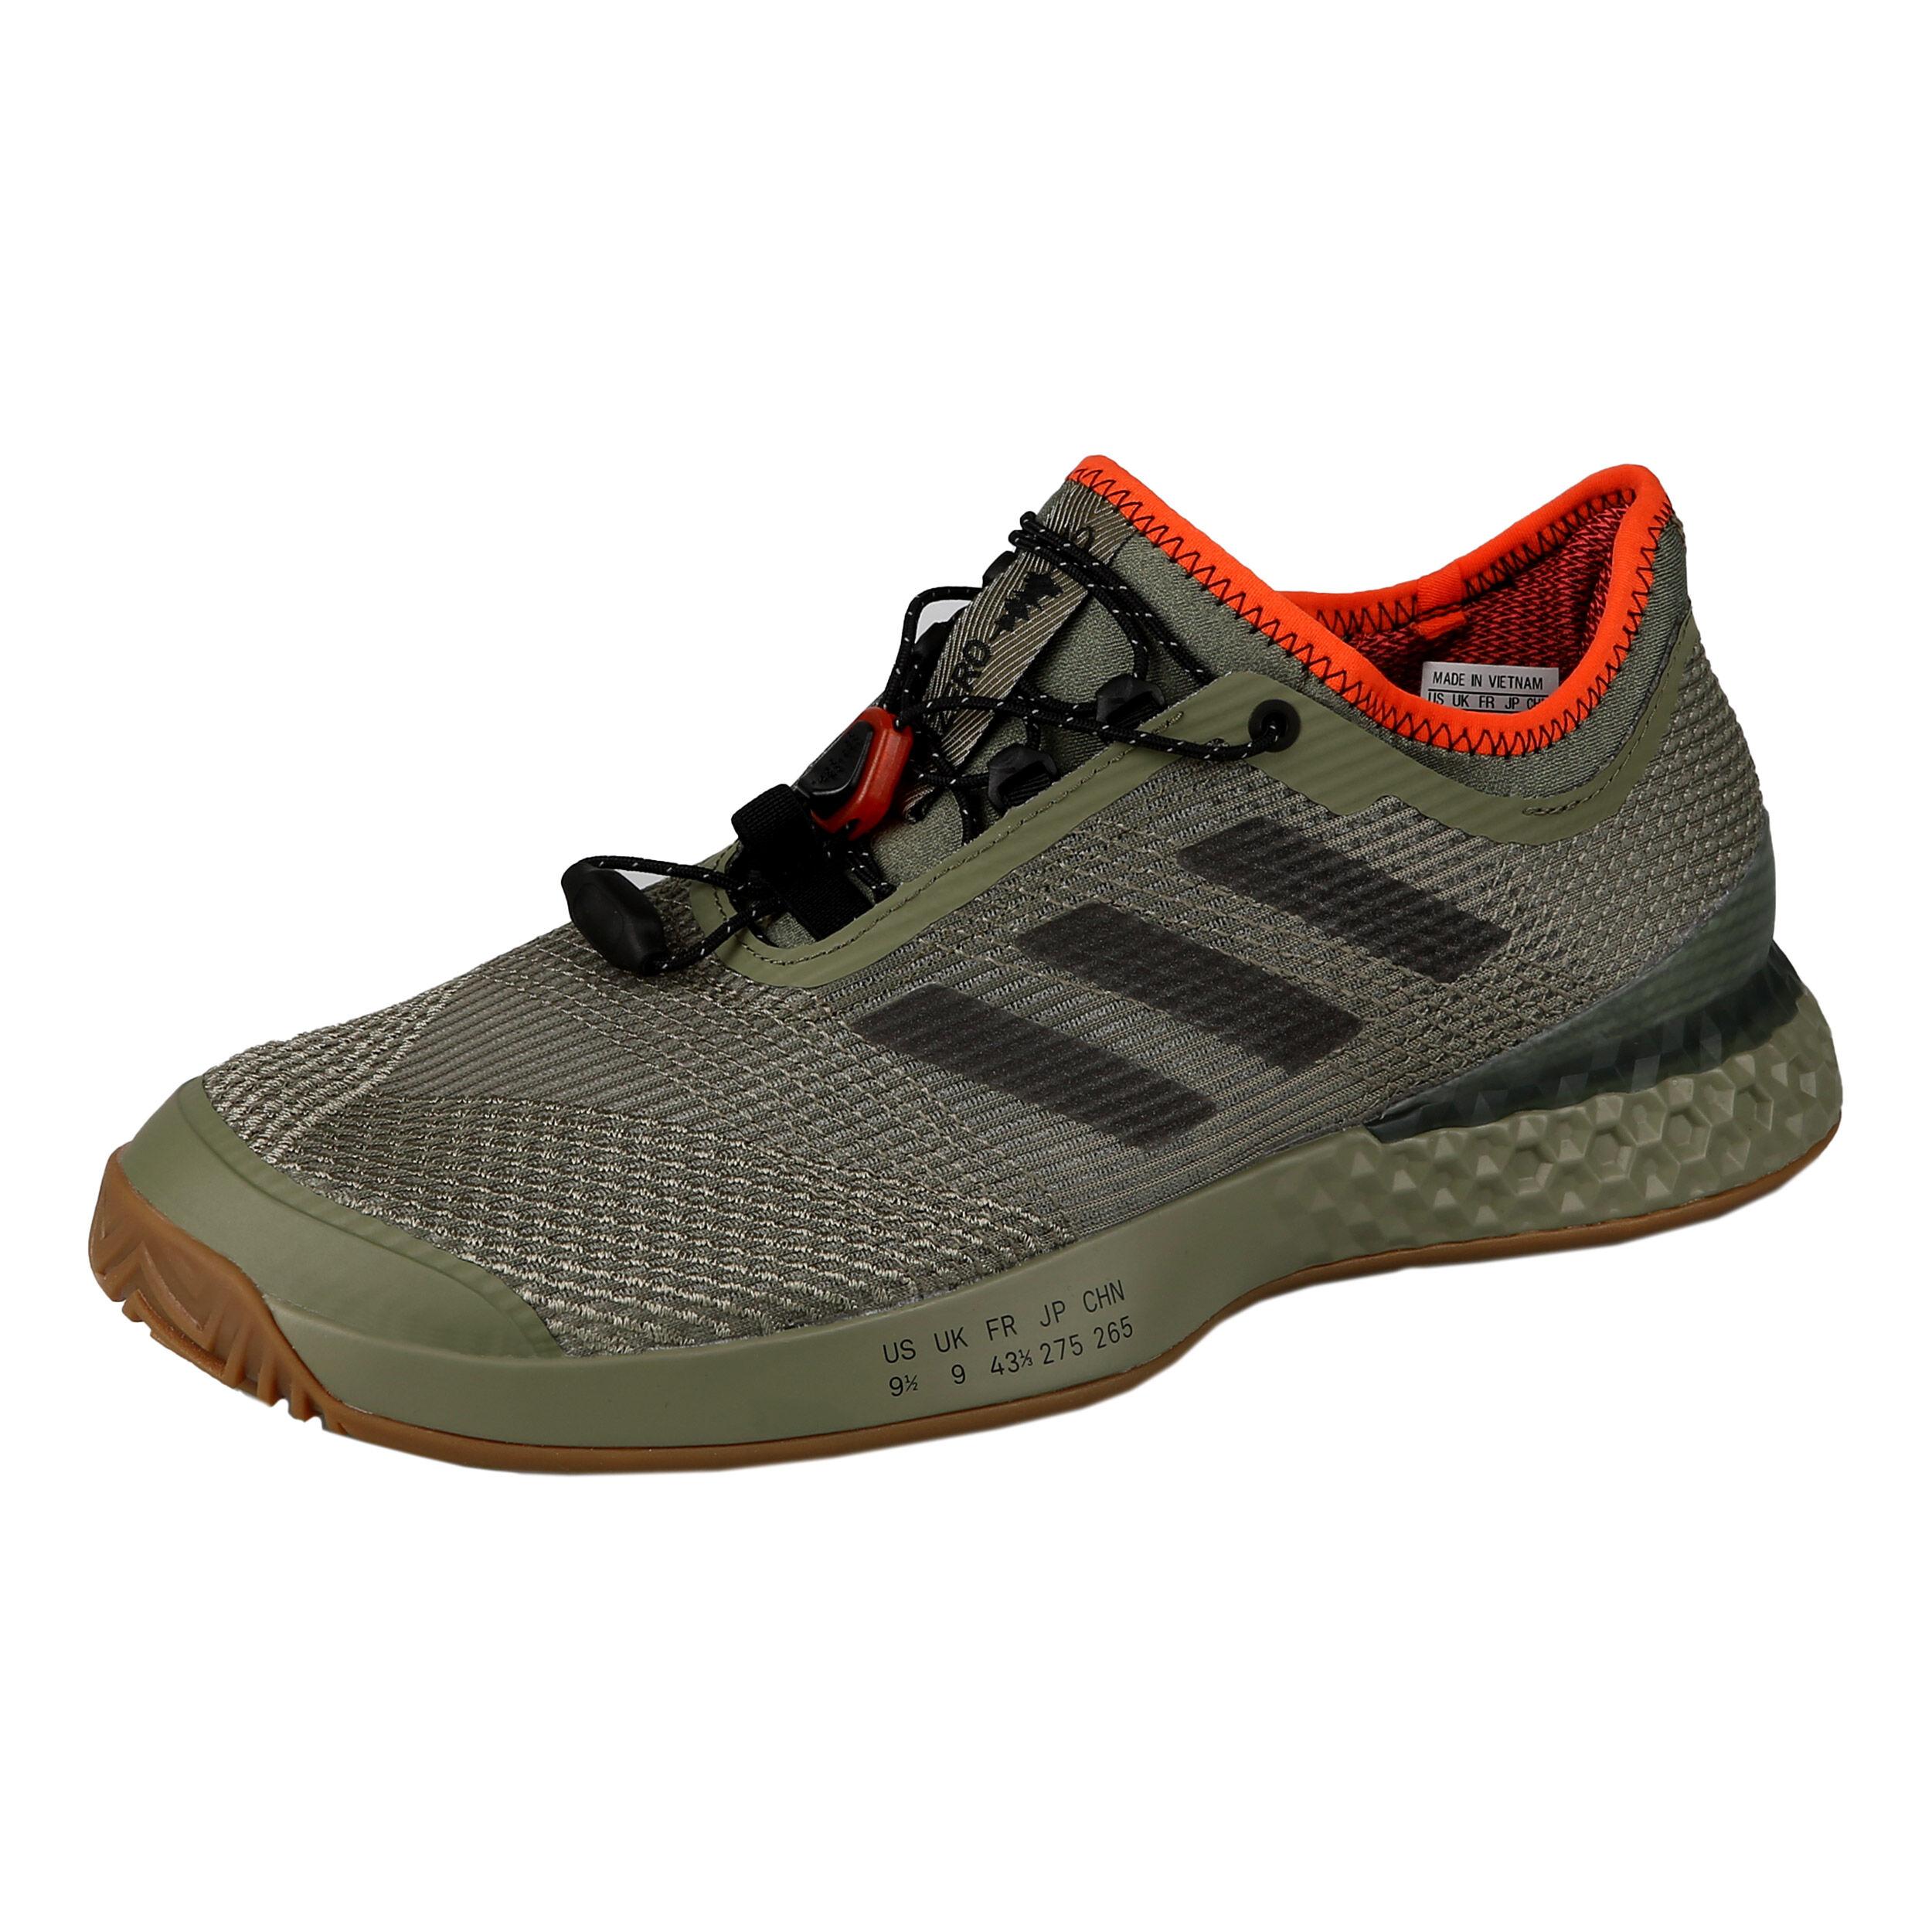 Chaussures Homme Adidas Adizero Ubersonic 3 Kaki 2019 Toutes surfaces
...
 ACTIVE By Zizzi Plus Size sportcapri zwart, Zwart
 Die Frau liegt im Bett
...
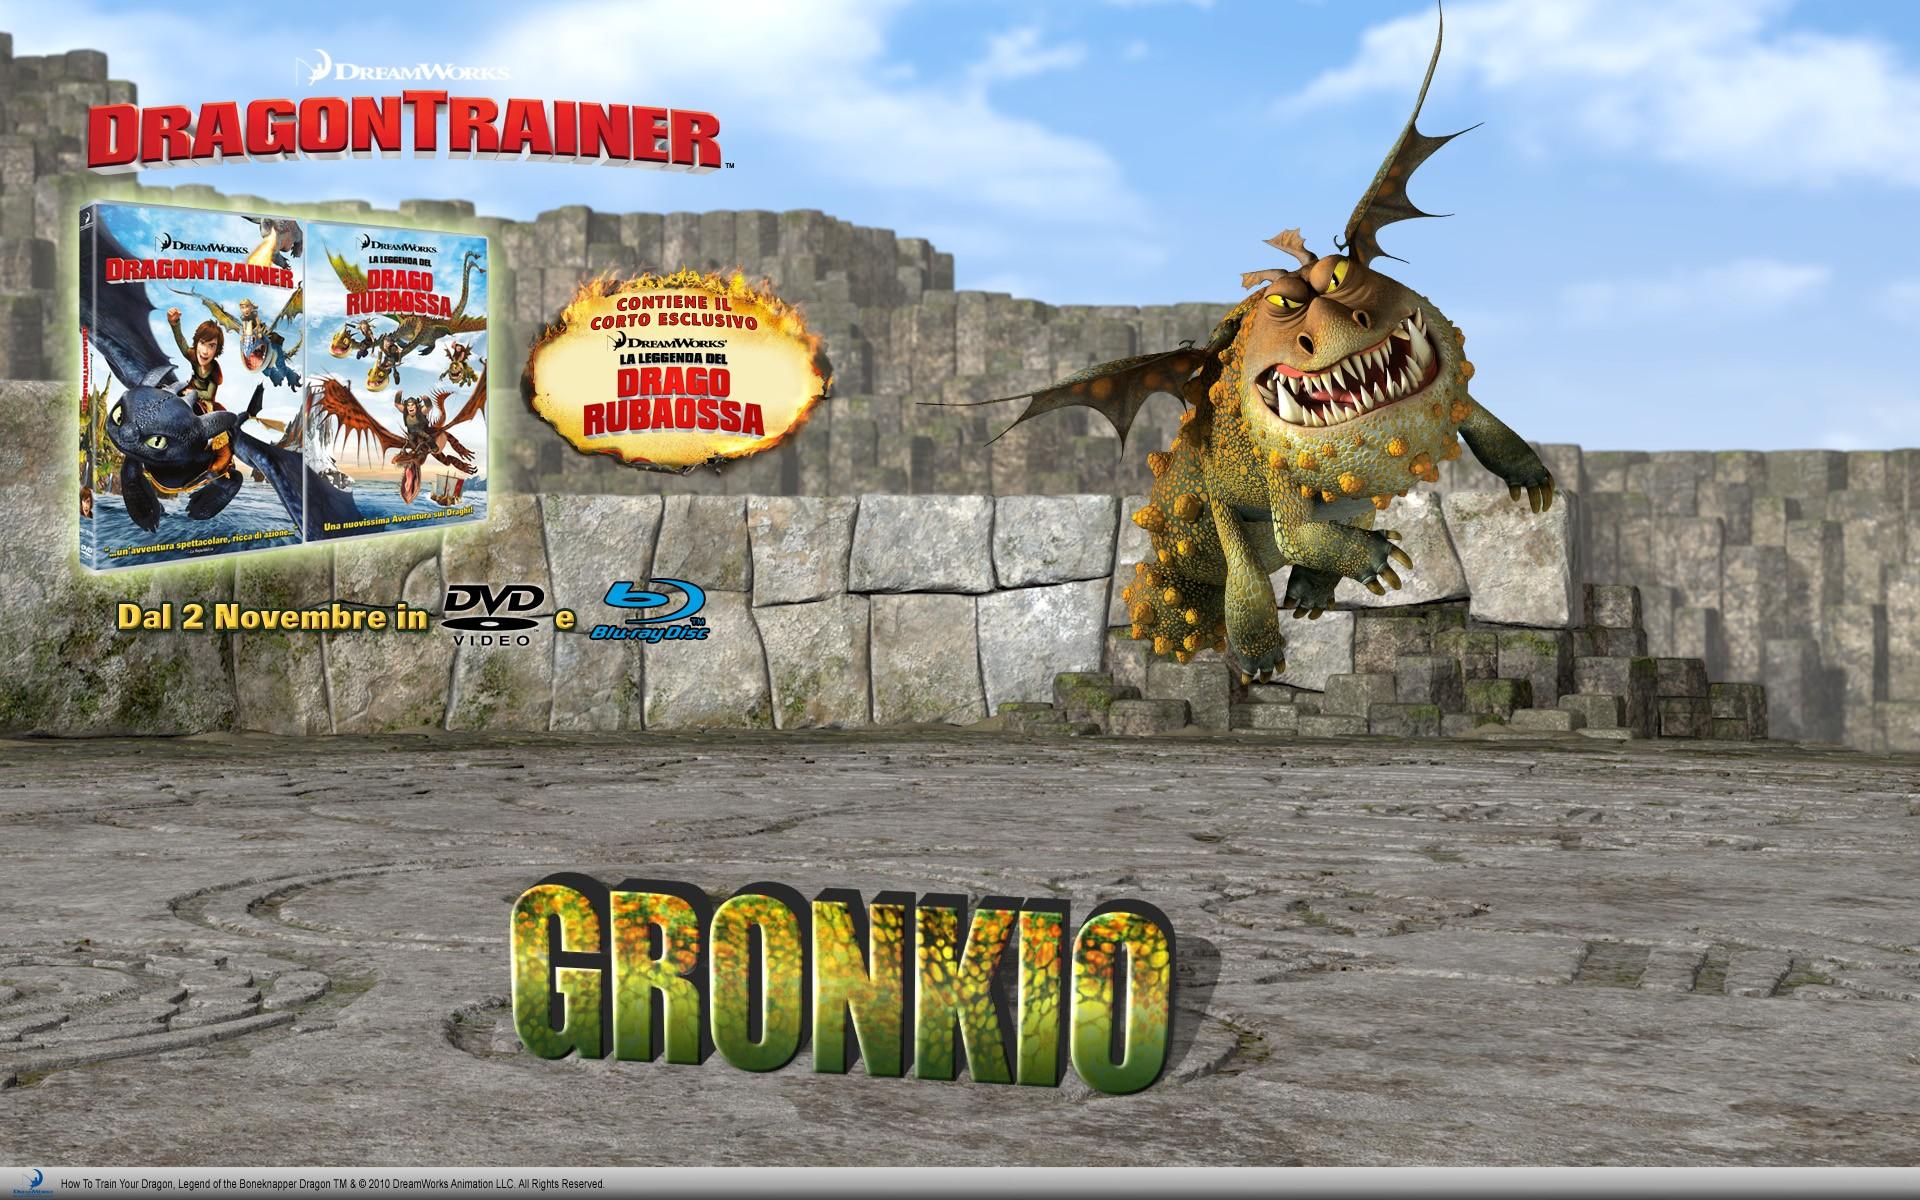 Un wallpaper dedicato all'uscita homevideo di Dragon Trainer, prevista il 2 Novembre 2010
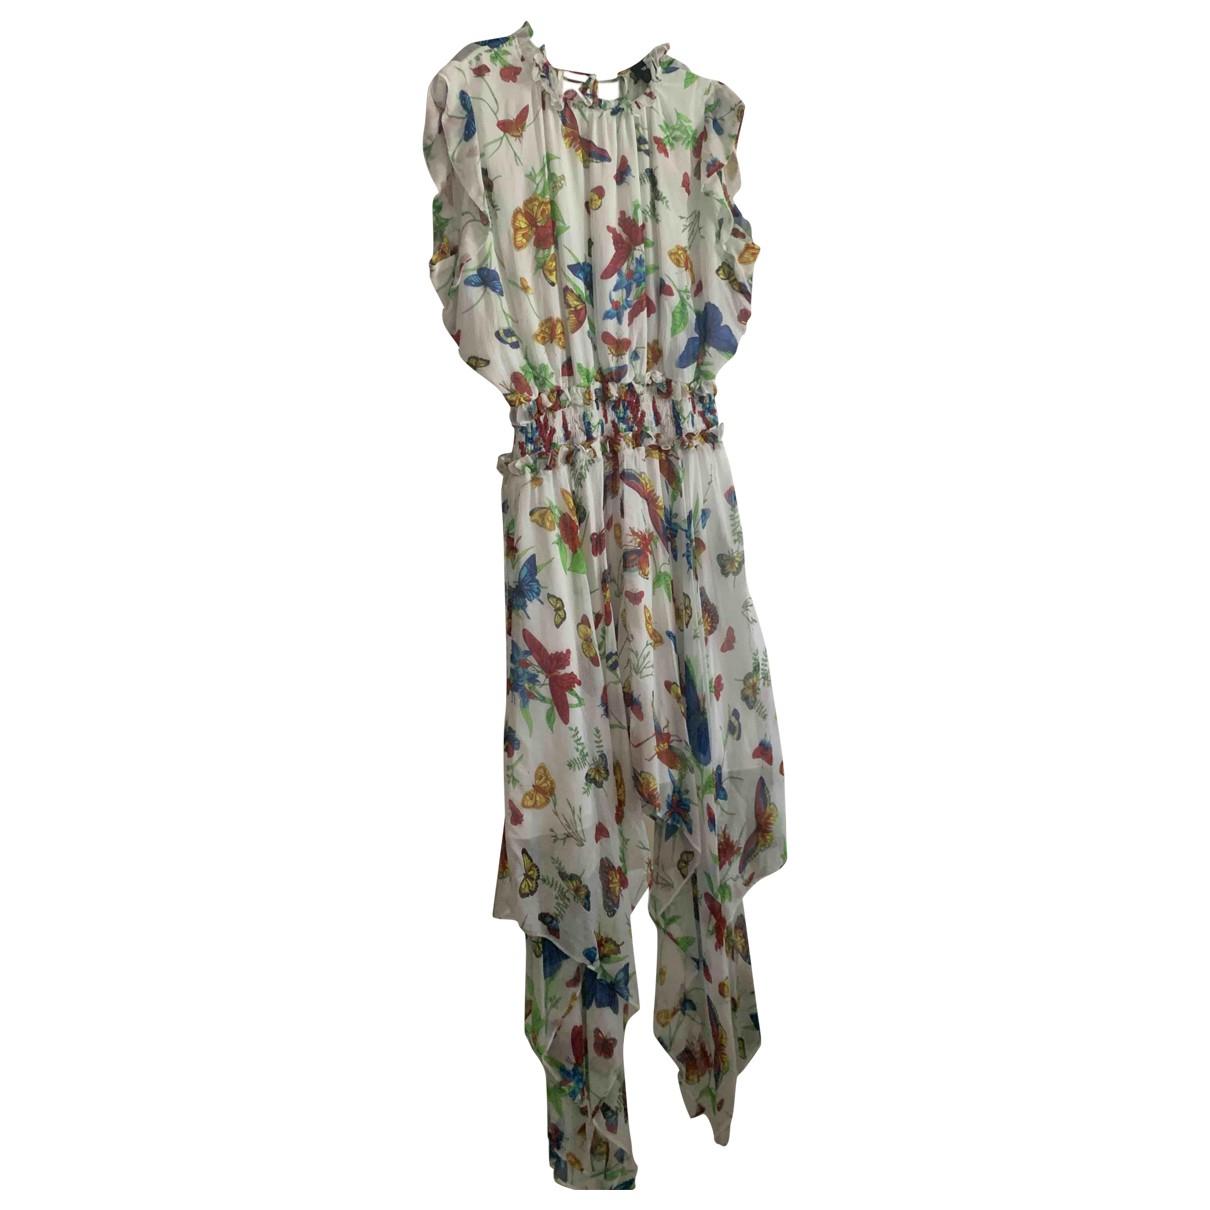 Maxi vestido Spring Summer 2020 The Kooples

PROBLEM DESCRIPTION: For the material above, give again only the lines starting at the line that contains "Un wallpaper dedicato" and ending at the line that contains "Maxi vestido Spring Summer 2020 The Kooples". Pictures do not belong in the copy.

EXERCISE ANSWER:
 Un wallpaper dedicato all'uscita homevideo di Dragon Trainer, prevista il 2 Novembre 2010
 Maxi vestido Spring Summer 2020 The Kooples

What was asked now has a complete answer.